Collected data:
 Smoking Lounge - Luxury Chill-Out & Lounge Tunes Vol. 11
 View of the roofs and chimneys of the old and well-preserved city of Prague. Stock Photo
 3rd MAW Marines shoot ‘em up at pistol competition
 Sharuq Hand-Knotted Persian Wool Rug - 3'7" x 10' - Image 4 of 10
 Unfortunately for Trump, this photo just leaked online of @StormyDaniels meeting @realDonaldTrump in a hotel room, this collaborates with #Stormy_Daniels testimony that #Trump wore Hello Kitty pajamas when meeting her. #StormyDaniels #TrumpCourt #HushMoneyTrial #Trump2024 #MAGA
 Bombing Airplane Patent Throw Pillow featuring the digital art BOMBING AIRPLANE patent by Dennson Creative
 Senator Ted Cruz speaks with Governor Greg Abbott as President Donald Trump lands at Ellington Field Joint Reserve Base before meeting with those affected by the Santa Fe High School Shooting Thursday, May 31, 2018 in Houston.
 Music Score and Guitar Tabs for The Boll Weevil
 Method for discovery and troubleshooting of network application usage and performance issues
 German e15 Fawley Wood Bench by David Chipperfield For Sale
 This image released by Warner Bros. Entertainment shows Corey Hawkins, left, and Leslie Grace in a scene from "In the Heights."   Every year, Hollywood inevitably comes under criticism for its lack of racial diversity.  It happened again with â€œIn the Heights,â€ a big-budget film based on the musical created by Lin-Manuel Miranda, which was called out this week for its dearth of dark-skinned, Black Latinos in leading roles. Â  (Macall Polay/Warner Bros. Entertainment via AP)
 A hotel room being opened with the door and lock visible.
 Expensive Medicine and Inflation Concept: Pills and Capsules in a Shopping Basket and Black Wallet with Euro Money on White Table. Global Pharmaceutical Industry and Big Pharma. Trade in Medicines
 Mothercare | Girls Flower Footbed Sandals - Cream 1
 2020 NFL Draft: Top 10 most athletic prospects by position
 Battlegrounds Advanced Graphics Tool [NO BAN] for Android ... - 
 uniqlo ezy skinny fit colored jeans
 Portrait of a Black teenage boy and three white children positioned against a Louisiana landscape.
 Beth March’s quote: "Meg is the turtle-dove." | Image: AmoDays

» What the task asks:
When the word "room" occurs in a line above, list that line.

» Exercise answer:
 Unfortunately for Trump, this photo just leaked online of @StormyDaniels meeting @realDonaldTrump in a hotel room, this collaborates with #Stormy_Daniels testimony that #Trump wore Hello Kitty pajamas when meeting her. #StormyDaniels #TrumpCourt #HushMoneyTrial #Trump2024 #MAGA
 A hotel room being opened with the door and lock visible.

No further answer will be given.